- [WHAT THE TASK REQUIRES]: Below are the records; restate all of them word for word.
(SOURCE MATERIAL begins)
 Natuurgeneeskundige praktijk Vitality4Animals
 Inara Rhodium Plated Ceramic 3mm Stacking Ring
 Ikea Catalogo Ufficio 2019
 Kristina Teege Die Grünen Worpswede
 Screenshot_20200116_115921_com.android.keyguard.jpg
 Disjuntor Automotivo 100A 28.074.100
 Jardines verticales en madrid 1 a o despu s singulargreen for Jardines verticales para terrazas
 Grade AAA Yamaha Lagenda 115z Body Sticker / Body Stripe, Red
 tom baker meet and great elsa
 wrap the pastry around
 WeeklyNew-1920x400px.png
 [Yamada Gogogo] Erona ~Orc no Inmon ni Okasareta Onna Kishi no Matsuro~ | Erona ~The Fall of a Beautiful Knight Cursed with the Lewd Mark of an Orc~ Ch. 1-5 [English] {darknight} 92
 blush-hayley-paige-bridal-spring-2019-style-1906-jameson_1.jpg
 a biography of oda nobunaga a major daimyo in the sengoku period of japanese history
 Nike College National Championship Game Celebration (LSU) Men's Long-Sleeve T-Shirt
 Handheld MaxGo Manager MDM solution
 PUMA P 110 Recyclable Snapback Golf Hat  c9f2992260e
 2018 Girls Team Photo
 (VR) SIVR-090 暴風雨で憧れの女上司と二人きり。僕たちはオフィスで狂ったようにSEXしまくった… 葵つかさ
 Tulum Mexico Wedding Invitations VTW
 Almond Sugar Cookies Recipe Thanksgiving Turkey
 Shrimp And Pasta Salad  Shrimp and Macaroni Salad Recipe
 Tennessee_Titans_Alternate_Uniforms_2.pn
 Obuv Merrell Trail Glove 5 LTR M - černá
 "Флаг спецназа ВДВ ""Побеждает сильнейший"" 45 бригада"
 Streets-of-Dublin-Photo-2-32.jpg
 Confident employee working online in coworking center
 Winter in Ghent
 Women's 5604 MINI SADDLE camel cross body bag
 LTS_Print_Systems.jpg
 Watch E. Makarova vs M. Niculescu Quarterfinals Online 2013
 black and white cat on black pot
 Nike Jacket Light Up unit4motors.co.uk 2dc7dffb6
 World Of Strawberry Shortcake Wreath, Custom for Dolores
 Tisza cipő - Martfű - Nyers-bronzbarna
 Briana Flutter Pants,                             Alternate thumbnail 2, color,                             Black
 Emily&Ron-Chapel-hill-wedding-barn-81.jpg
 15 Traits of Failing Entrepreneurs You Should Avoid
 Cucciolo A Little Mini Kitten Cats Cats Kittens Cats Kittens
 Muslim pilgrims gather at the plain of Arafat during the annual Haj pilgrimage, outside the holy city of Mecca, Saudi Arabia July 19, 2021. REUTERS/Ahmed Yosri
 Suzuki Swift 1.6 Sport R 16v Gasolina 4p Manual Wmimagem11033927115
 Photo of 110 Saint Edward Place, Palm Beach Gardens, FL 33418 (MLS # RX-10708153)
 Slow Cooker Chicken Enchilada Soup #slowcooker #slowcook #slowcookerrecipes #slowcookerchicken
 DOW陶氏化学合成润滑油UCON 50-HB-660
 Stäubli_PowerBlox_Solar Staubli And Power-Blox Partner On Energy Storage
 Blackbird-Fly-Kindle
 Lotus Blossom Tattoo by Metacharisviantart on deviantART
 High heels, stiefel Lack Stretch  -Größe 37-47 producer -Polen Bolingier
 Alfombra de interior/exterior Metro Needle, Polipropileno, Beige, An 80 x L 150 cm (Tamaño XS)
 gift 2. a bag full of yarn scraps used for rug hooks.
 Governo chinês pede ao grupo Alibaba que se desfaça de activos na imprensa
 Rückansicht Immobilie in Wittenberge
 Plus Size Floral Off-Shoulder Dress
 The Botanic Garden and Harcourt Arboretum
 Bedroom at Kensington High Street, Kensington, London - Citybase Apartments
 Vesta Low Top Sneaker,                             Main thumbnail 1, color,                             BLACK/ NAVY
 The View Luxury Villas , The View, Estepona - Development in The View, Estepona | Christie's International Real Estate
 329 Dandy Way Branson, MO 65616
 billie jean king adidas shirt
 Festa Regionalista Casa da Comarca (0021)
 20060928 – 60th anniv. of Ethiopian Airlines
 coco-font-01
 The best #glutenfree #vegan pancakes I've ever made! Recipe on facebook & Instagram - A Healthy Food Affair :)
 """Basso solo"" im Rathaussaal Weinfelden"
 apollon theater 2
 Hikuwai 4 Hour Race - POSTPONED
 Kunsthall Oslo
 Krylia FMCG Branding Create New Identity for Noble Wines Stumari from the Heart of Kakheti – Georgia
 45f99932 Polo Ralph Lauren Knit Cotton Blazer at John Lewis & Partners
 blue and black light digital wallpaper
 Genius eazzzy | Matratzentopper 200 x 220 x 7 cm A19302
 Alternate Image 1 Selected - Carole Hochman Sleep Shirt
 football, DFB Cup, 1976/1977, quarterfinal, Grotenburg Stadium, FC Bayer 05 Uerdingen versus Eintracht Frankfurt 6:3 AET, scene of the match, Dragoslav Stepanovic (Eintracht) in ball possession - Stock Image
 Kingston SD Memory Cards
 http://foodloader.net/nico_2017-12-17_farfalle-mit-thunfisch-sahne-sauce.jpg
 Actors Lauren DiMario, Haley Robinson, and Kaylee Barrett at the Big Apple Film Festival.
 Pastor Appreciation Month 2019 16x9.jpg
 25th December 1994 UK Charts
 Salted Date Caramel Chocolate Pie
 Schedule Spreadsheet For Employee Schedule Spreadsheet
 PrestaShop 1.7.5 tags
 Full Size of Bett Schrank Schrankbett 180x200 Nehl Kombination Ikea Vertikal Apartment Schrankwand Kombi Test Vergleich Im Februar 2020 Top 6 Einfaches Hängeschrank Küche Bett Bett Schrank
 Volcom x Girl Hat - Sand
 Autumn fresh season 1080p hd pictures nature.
(SOURCE MATERIAL ends)
- [RESPONSE TO THIS EXERCISE]:
 Natuurgeneeskundige praktijk Vitality4Animals
 Inara Rhodium Plated Ceramic 3mm Stacking Ring
 Ikea Catalogo Ufficio 2019
 Kristina Teege Die Grünen Worpswede
 Screenshot_20200116_115921_com.android.keyguard.jpg
 Disjuntor Automotivo 100A 28.074.100
 Jardines verticales en madrid 1 a o despu s singulargreen for Jardines verticales para terrazas
 Grade AAA Yamaha Lagenda 115z Body Sticker / Body Stripe, Red
 tom baker meet and great elsa
 wrap the pastry around
 WeeklyNew-1920x400px.png
 [Yamada Gogogo] Erona ~Orc no Inmon ni Okasareta Onna Kishi no Matsuro~ | Erona ~The Fall of a Beautiful Knight Cursed with the Lewd Mark of an Orc~ Ch. 1-5 [English] {darknight} 92
 blush-hayley-paige-bridal-spring-2019-style-1906-jameson_1.jpg
 a biography of oda nobunaga a major daimyo in the sengoku period of japanese history
 Nike College National Championship Game Celebration (LSU) Men's Long-Sleeve T-Shirt
 Handheld MaxGo Manager MDM solution
 PUMA P 110 Recyclable Snapback Golf Hat  c9f2992260e
 2018 Girls Team Photo
 (VR) SIVR-090 暴風雨で憧れの女上司と二人きり。僕たちはオフィスで狂ったようにSEXしまくった… 葵つかさ
 Tulum Mexico Wedding Invitations VTW
 Almond Sugar Cookies Recipe Thanksgiving Turkey
 Shrimp And Pasta Salad  Shrimp and Macaroni Salad Recipe
 Tennessee_Titans_Alternate_Uniforms_2.pn
 Obuv Merrell Trail Glove 5 LTR M - černá
 "Флаг спецназа ВДВ ""Побеждает сильнейший"" 45 бригада"
 Streets-of-Dublin-Photo-2-32.jpg
 Confident employee working online in coworking center
 Winter in Ghent
 Women's 5604 MINI SADDLE camel cross body bag
 LTS_Print_Systems.jpg
 Watch E. Makarova vs M. Niculescu Quarterfinals Online 2013
 black and white cat on black pot
 Nike Jacket Light Up unit4motors.co.uk 2dc7dffb6
 World Of Strawberry Shortcake Wreath, Custom for Dolores
 Tisza cipő - Martfű - Nyers-bronzbarna
 Briana Flutter Pants,                             Alternate thumbnail 2, color,                             Black
 Emily&Ron-Chapel-hill-wedding-barn-81.jpg
 15 Traits of Failing Entrepreneurs You Should Avoid
 Cucciolo A Little Mini Kitten Cats Cats Kittens Cats Kittens
 Muslim pilgrims gather at the plain of Arafat during the annual Haj pilgrimage, outside the holy city of Mecca, Saudi Arabia July 19, 2021. REUTERS/Ahmed Yosri
 Suzuki Swift 1.6 Sport R 16v Gasolina 4p Manual Wmimagem11033927115
 Photo of 110 Saint Edward Place, Palm Beach Gardens, FL 33418 (MLS # RX-10708153)
 Slow Cooker Chicken Enchilada Soup #slowcooker #slowcook #slowcookerrecipes #slowcookerchicken
 DOW陶氏化学合成润滑油UCON 50-HB-660
 Stäubli_PowerBlox_Solar Staubli And Power-Blox Partner On Energy Storage
 Blackbird-Fly-Kindle
 Lotus Blossom Tattoo by Metacharisviantart on deviantART
 High heels, stiefel Lack Stretch  -Größe 37-47 producer -Polen Bolingier
 Alfombra de interior/exterior Metro Needle, Polipropileno, Beige, An 80 x L 150 cm (Tamaño XS)
 gift 2. a bag full of yarn scraps used for rug hooks.
 Governo chinês pede ao grupo Alibaba que se desfaça de activos na imprensa
 Rückansicht Immobilie in Wittenberge
 Plus Size Floral Off-Shoulder Dress
 The Botanic Garden and Harcourt Arboretum
 Bedroom at Kensington High Street, Kensington, London - Citybase Apartments
 Vesta Low Top Sneaker,                             Main thumbnail 1, color,                             BLACK/ NAVY
 The View Luxury Villas , The View, Estepona - Development in The View, Estepona | Christie's International Real Estate
 329 Dandy Way Branson, MO 65616
 billie jean king adidas shirt
 Festa Regionalista Casa da Comarca (0021)
 20060928 – 60th anniv. of Ethiopian Airlines
 coco-font-01
 The best #glutenfree #vegan pancakes I've ever made! Recipe on facebook & Instagram - A Healthy Food Affair :)
 """Basso solo"" im Rathaussaal Weinfelden"
 apollon theater 2
 Hikuwai 4 Hour Race - POSTPONED
 Kunsthall Oslo
 Krylia FMCG Branding Create New Identity for Noble Wines Stumari from the Heart of Kakheti – Georgia
 45f99932 Polo Ralph Lauren Knit Cotton Blazer at John Lewis & Partners
 blue and black light digital wallpaper
 Genius eazzzy | Matratzentopper 200 x 220 x 7 cm A19302
 Alternate Image 1 Selected - Carole Hochman Sleep Shirt
 football, DFB Cup, 1976/1977, quarterfinal, Grotenburg Stadium, FC Bayer 05 Uerdingen versus Eintracht Frankfurt 6:3 AET, scene of the match, Dragoslav Stepanovic (Eintracht) in ball possession - Stock Image
 Kingston SD Memory Cards
 http://foodloader.net/nico_2017-12-17_farfalle-mit-thunfisch-sahne-sauce.jpg
 Actors Lauren DiMario, Haley Robinson, and Kaylee Barrett at the Big Apple Film Festival.
 Pastor Appreciation Month 2019 16x9.jpg
 25th December 1994 UK Charts
 Salted Date Caramel Chocolate Pie
 Schedule Spreadsheet For Employee Schedule Spreadsheet
 PrestaShop 1.7.5 tags
 Full Size of Bett Schrank Schrankbett 180x200 Nehl Kombination Ikea Vertikal Apartment Schrankwand Kombi Test Vergleich Im Februar 2020 Top 6 Einfaches Hängeschrank Küche Bett Bett Schrank
 Volcom x Girl Hat - Sand
 Autumn fresh season 1080p hd pictures nature.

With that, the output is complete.